5. Now deprecate the model image

6. Remove all DVC versioning tags from the git repository

Before tag removal

[main] /Users/himanshujoshi/Projects/sample_model
√ % git tag
model@deprecated#2
model@v1.0.0#1
[main] /Users/himanshujoshi/Projects/sample_model
√ % git one
0d36bc6282fb4637af2577c7414fabbce1691778 (HEAD -> main, tag: model@v1.0.0#1, tag: model@deprecated#2, origin/main, origin/HEAD) Add model model from model/model.pkl
b09dd7a273b012c490c0baf1be62bff111639e53 Added model
efde6d254c64f5923ed0f036406f8e1df7f32af0 Initialize DVC
0b7fbcab564a24a8b7ff87deaedb029764fe6160 Initial commit

Remove tags

[main] /Users/himanshujoshi/Projects/sample_model
√ % git tag | xargs -L 1 | xargs git push origin --delete
remote: This repository moved. Please use the new location:
remote:   git@github.com:geneie-org/sample_model.git
To github.com:h-joshi/sample_model.git
 - [deleted]         model@deprecated#2
 - [deleted]         model@v1.0.0#1
[main] /Users/himanshujoshi/Projects/sample_model
√ % git tag | xargs -L 1 | xargs git tag --delete
Deleted tag 'model@deprecated#2' (was 3c5fc5c)
Deleted tag 'model@v1.0.0#1' (was 86fa36f)

After tags removal

[main] /Users/himanshujoshi/Projects/sample_model
√ % git tag
[main] /Users/himanshujoshi/Projects/sample_model
√ % git one
0d36bc6282fb4637af2577c7414fabbce1691778 (HEAD -> main, origin/main, origin/HEAD) Add model model from model/model.pkl
b09dd7a273b012c490c0baf1be62bff111639e53 Added model
efde6d254c64f5923ed0f036406f8e1df7f32af0 Initialize DVC
0b7fbcab564a24a8b7ff87deaedb029764fe6160 Initial commit
[main] /Users/himanshujoshi/Projects/sample_model

7. Now add the model again using the same model name "model" image

Model registration in progress image

Failure image

ssachkovskaya commented 2 months ago

Thanks for steps to reproduce the issue! It is very helpful 🔥

I was able to catch the same issue when tried to re-add a deprecated model. Studio may have some issues with updating the model state when manually removing some tags from the repository. However, I was able to restore the model by running Re-import from Git for the corresponding project (mentioned in this comment). The model re-appeared in the list with no versions and I was able to register a new one afterwards.

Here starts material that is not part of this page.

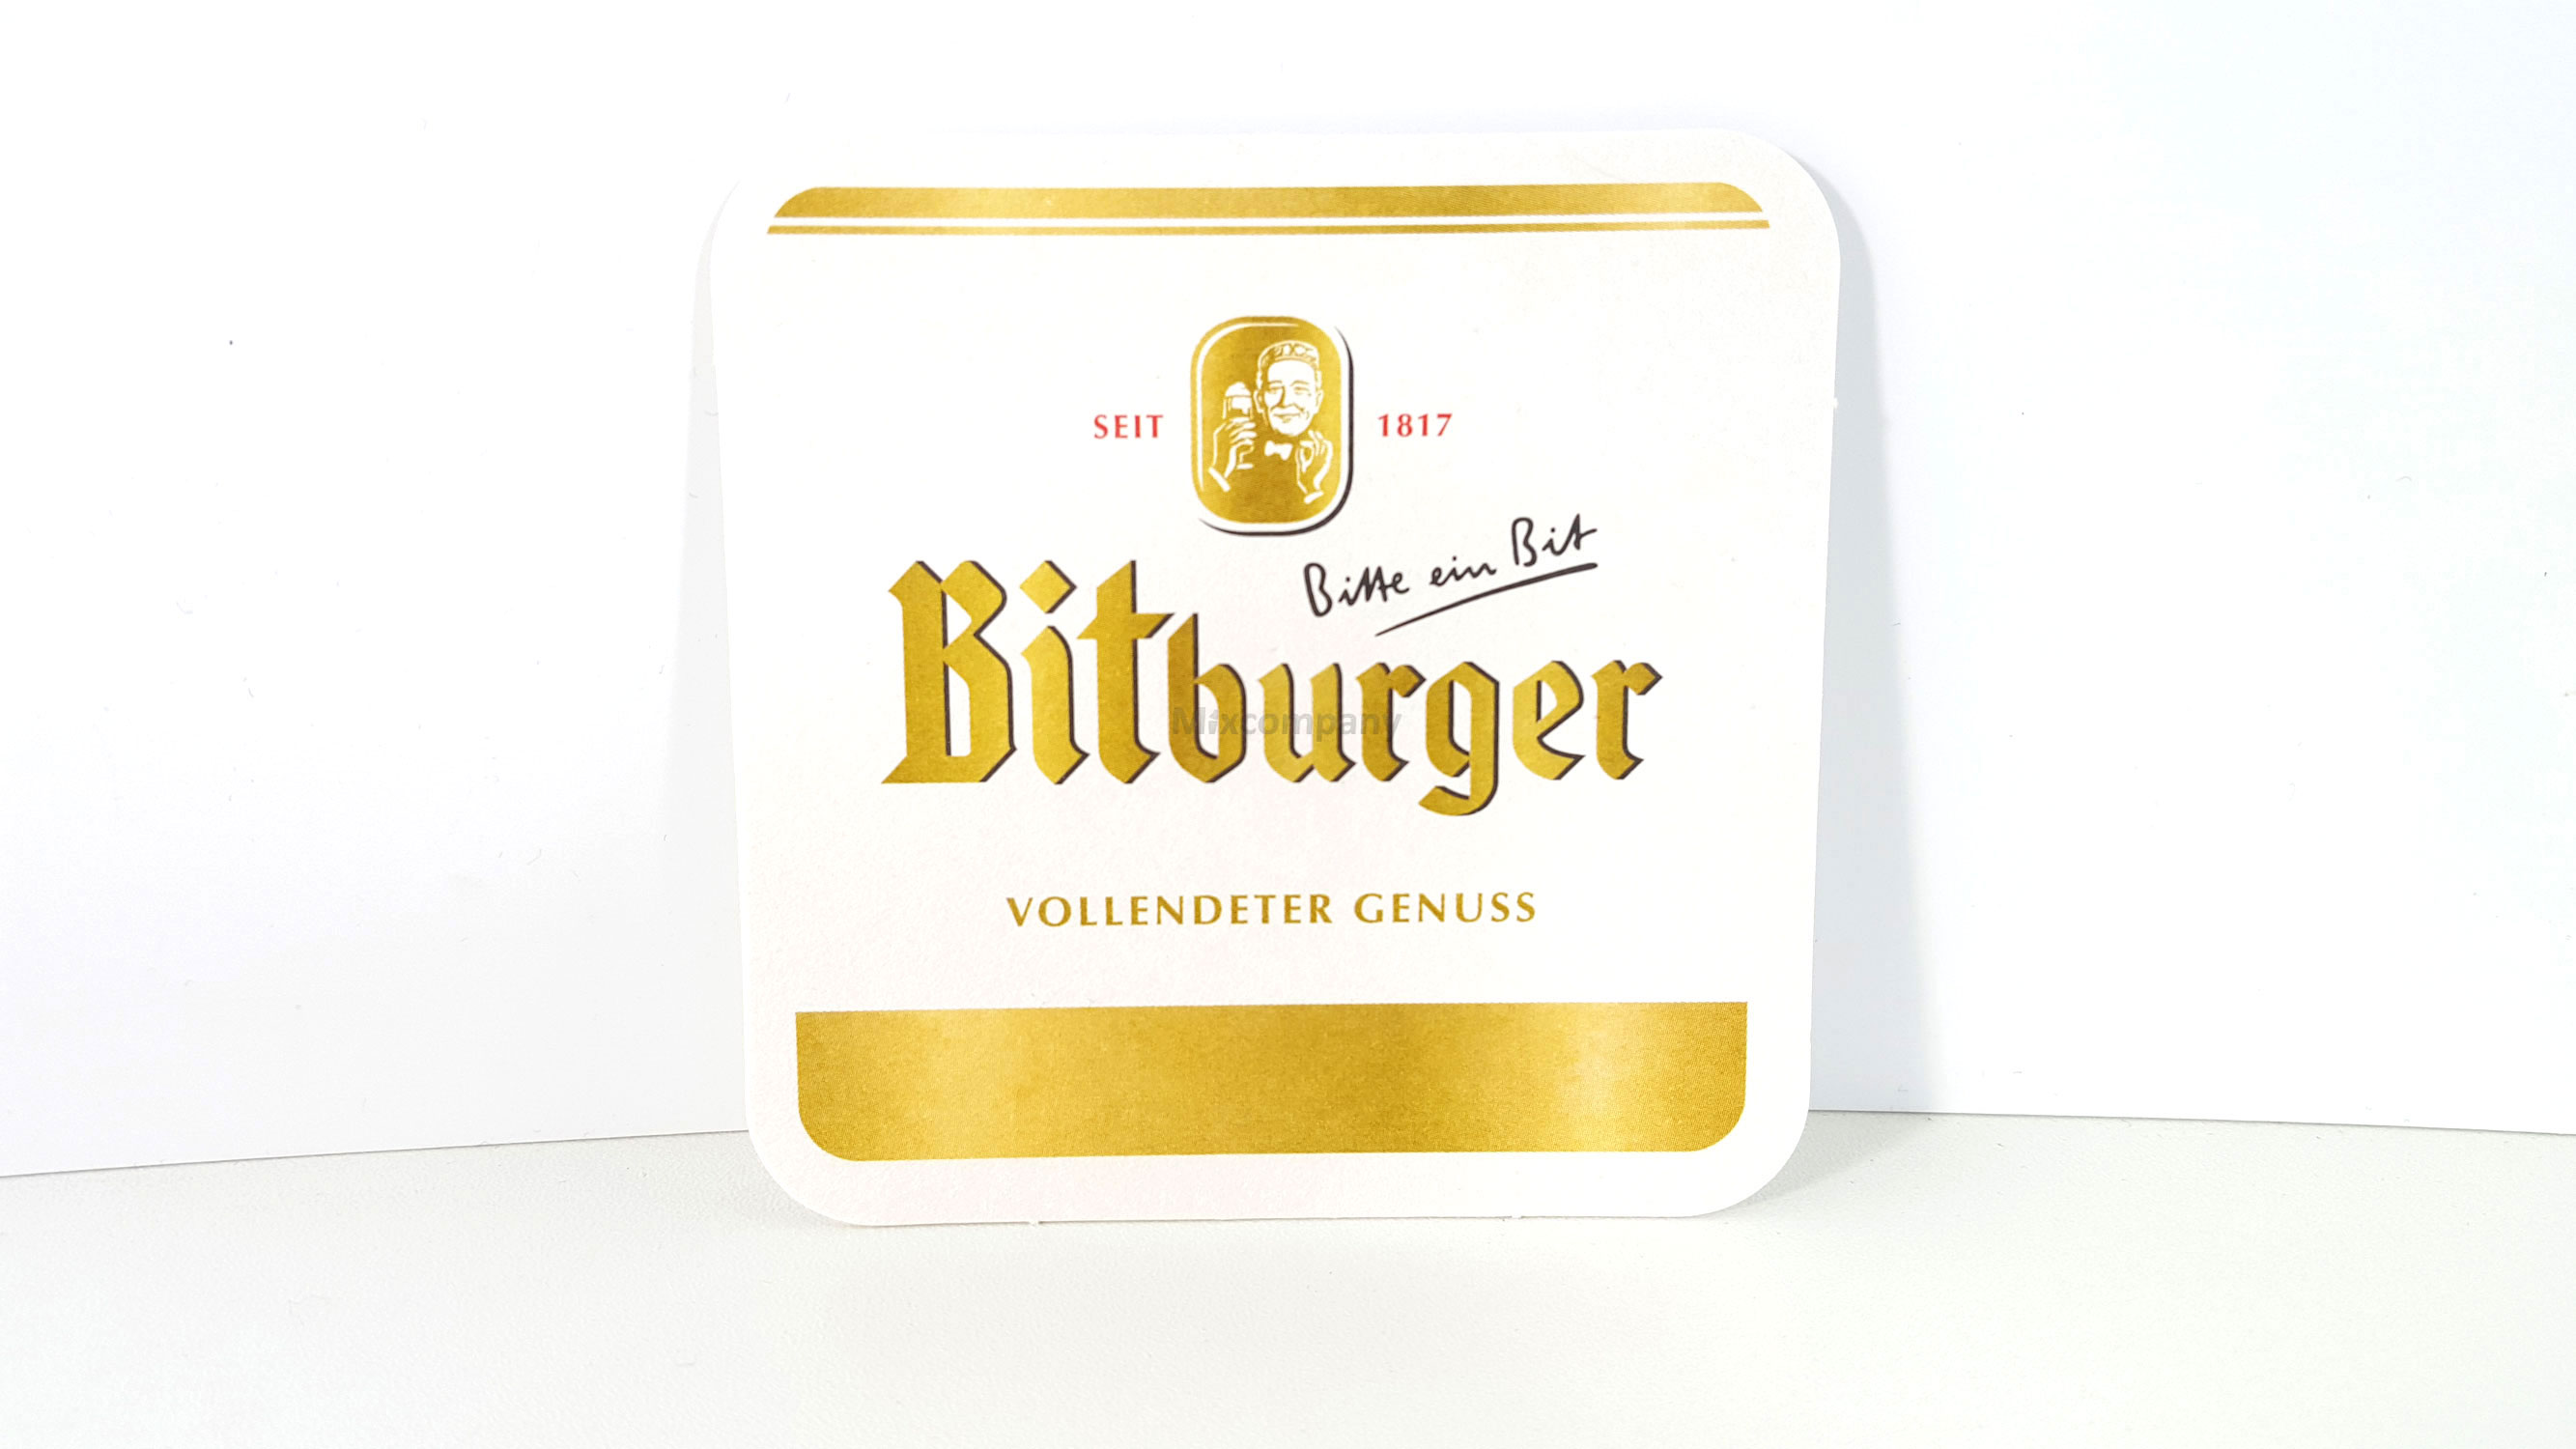 Bitburger Bierdeckel - 375 Stück

I've tried the above and it didn't work.

So you are saying that the model didn't appear in your table after running re-import, right? If so, can you please confirm that your repo had no tags and your model was still a part of dvc.yaml artifacts?

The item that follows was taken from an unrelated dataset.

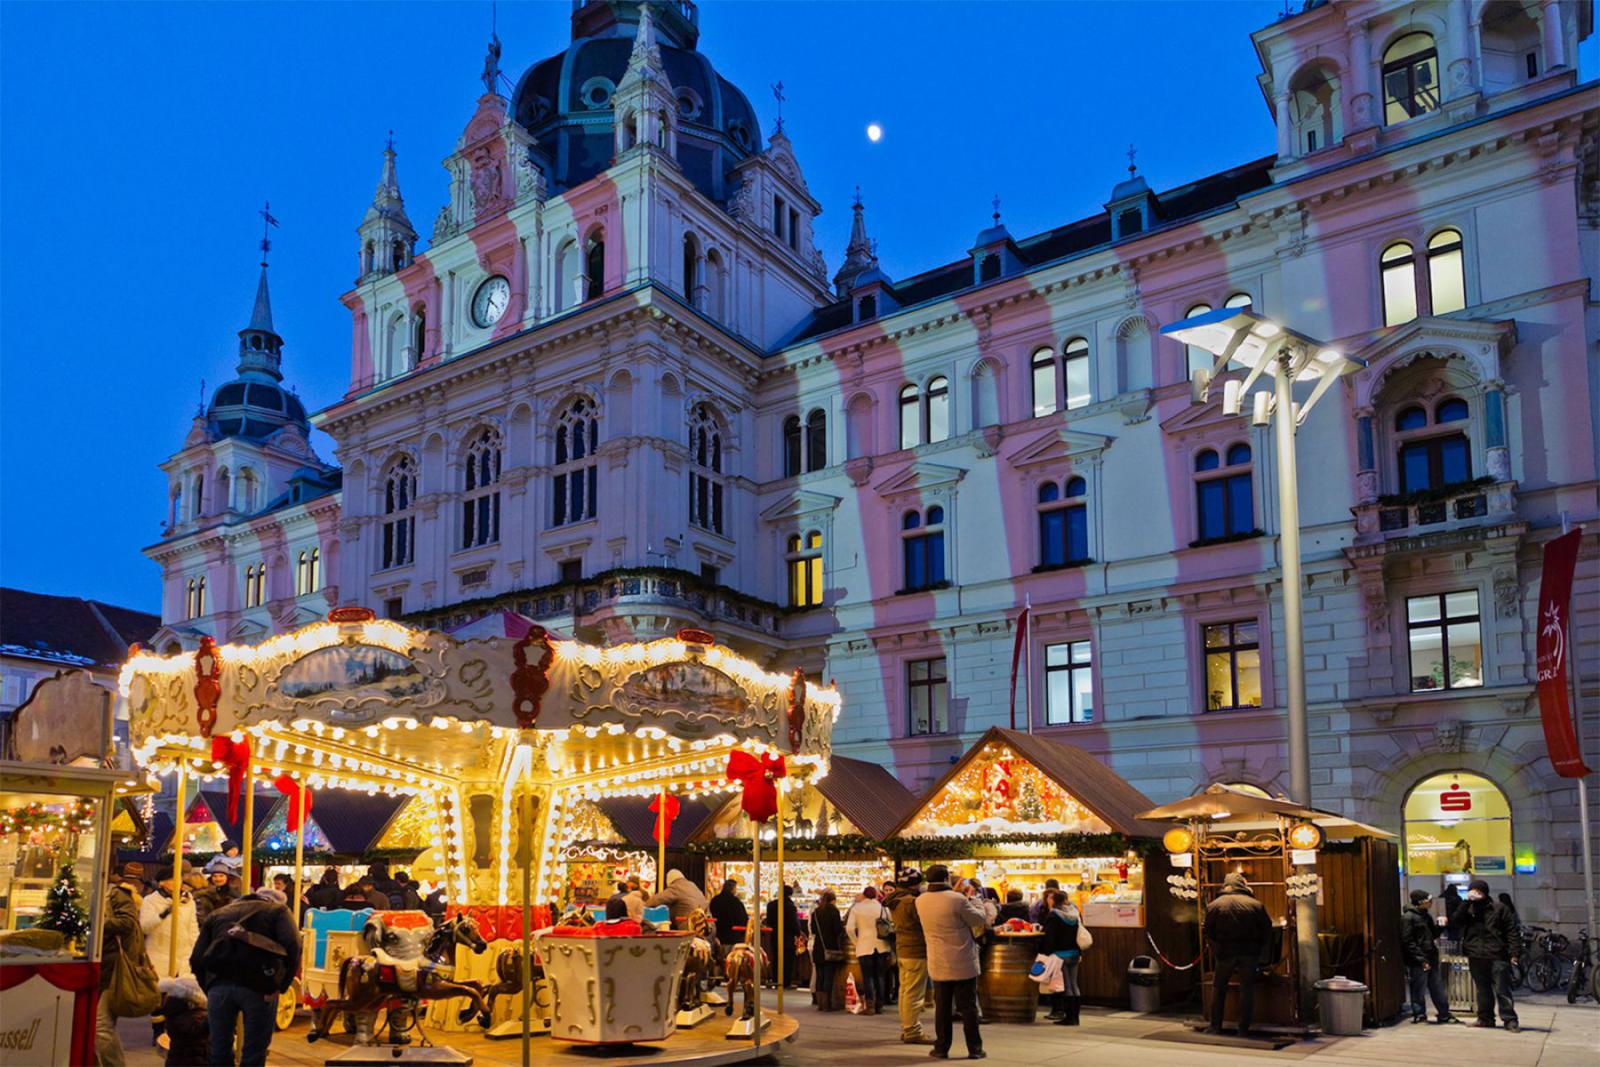 Kerst bij het stadhuis (Rathaus) van Graz

h-joshi commented 2 months ago

Hi @ssachkovskaya

I've just now removed all the tags and retried importing the repo and have been able to rebuild the tag history 😄 I think earlier, I may not have removed all the tags properly.

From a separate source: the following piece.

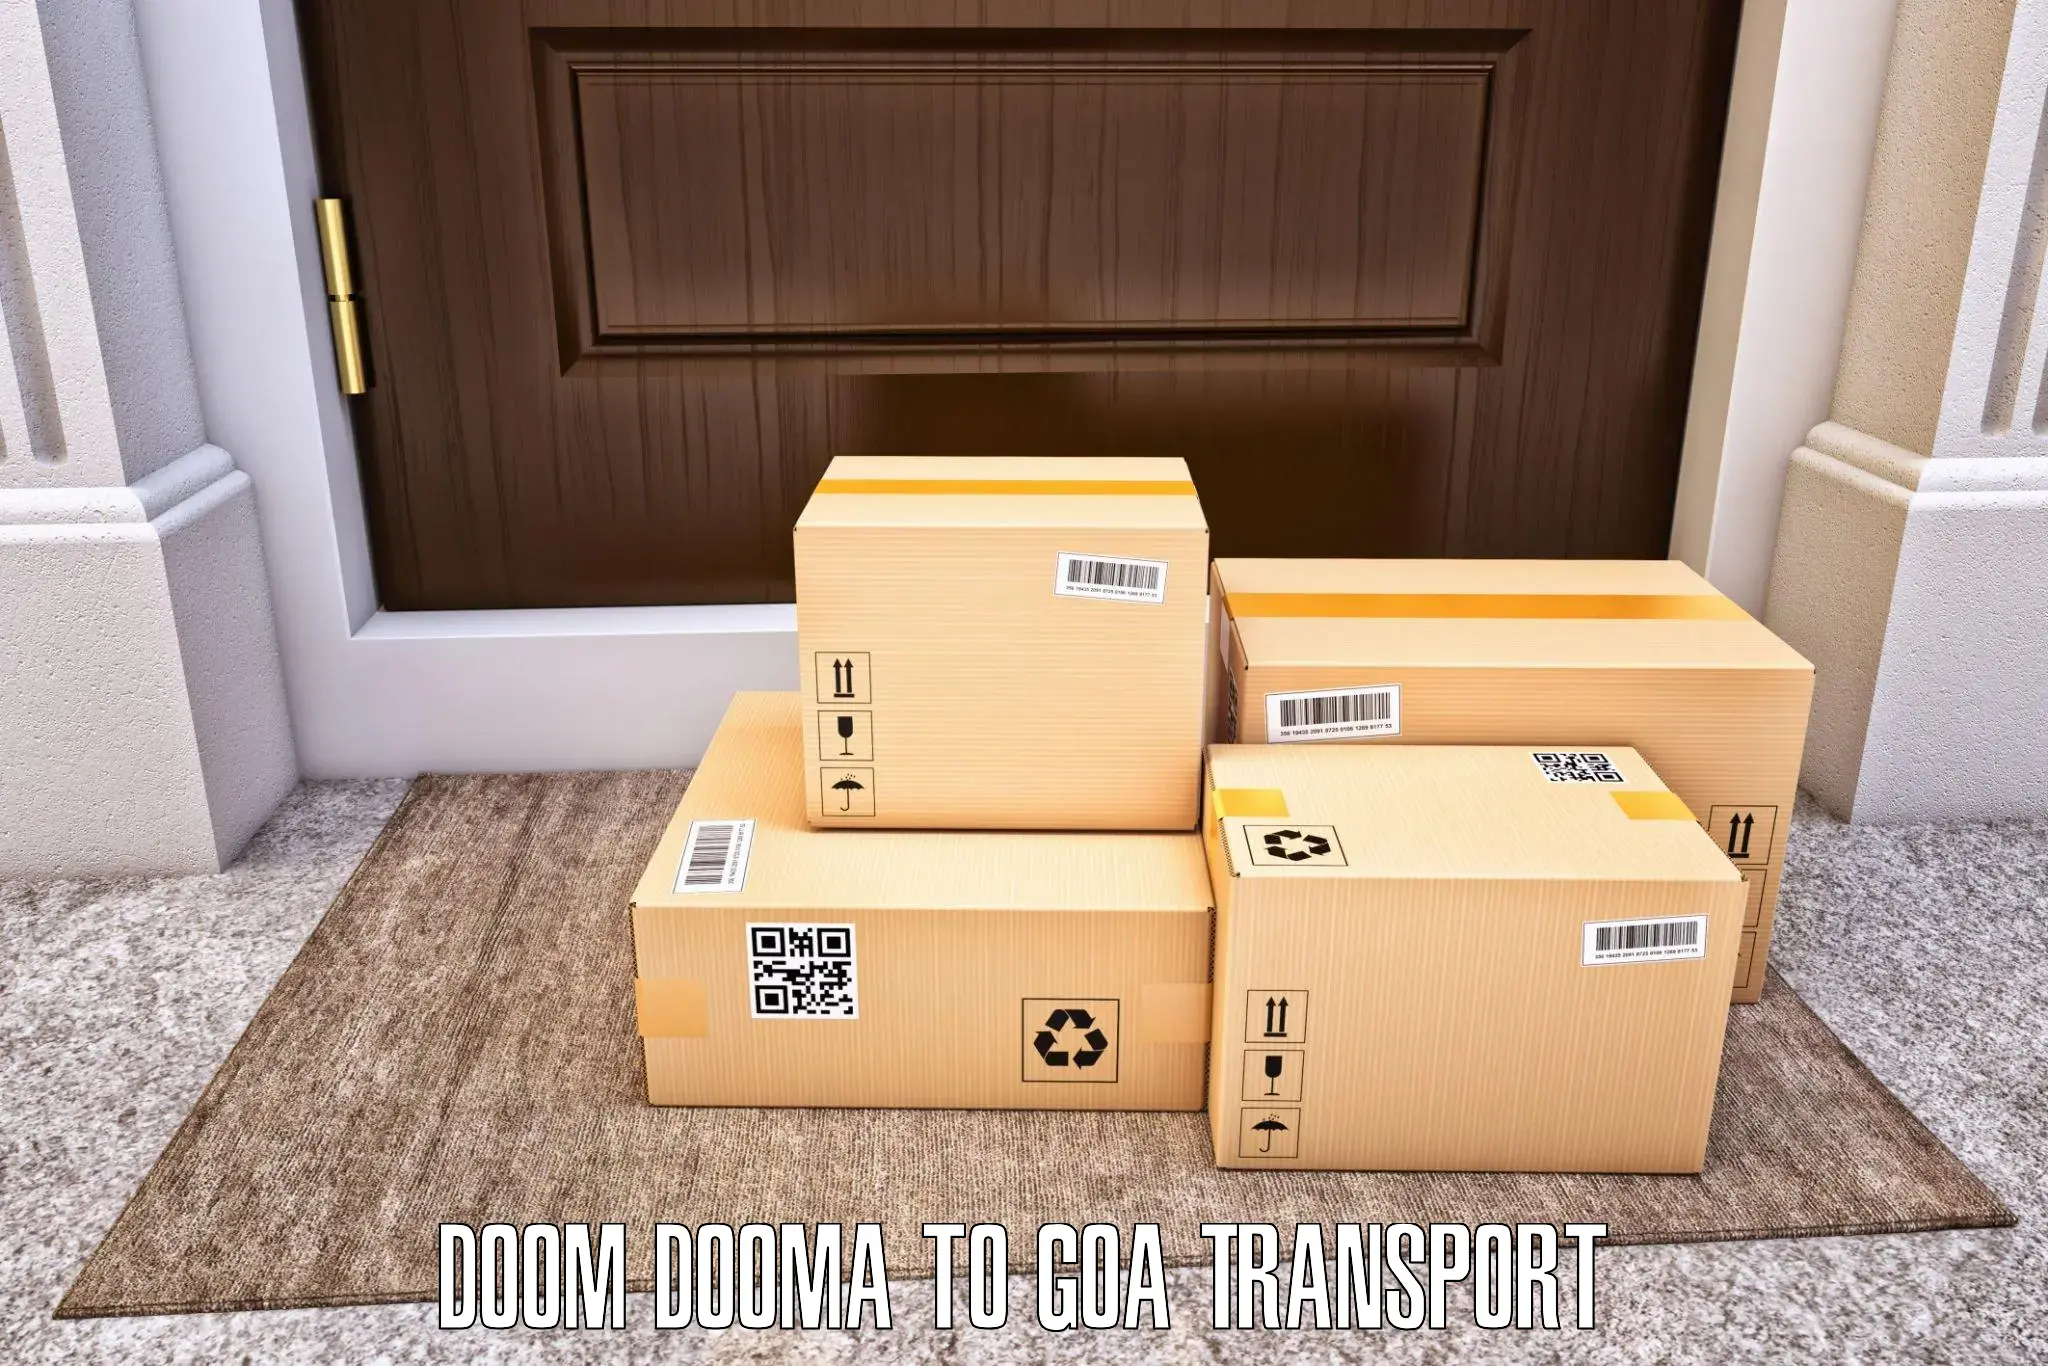 Domestic goods transportation services in Doom Dooma to Vasco da Gama

Thanks heaps for your help.

If someone has issues with registering a new model version and wants to set everything up from scratch, a FAQ might be handy that lets the users know how to capture/clear existing tags and carry out model re-registration. The steps could be along these lines

  1. Obtain tag history

    √ % git show-ref --tags
    2742853c88501eed1ab4355e3960594ca6896d17 refs/tags/dna@v1.0.4#2
    3a740f18204b685ca7954a24c2a933e86e71df0f refs/tags/dna@v1.0.5#1
  2. Remove remote tags

    git tag | xargs -L 1 | xargs git push origin --delete
  3. Remove local tags

    git tag | xargs -L 1 | xargs git tag --delete
  4. Reimport repository <Reimport step as you've shown in the screenshot>

  5. Re-register model and register model versions (based on captured tag history in step 1)

ssachkovskaya commented 2 months ago

@h-joshi I am glad the problem has been resolved for you 🔥

@shcheklein @dberenbaum please take a look at this suggestion for Model Registry docs.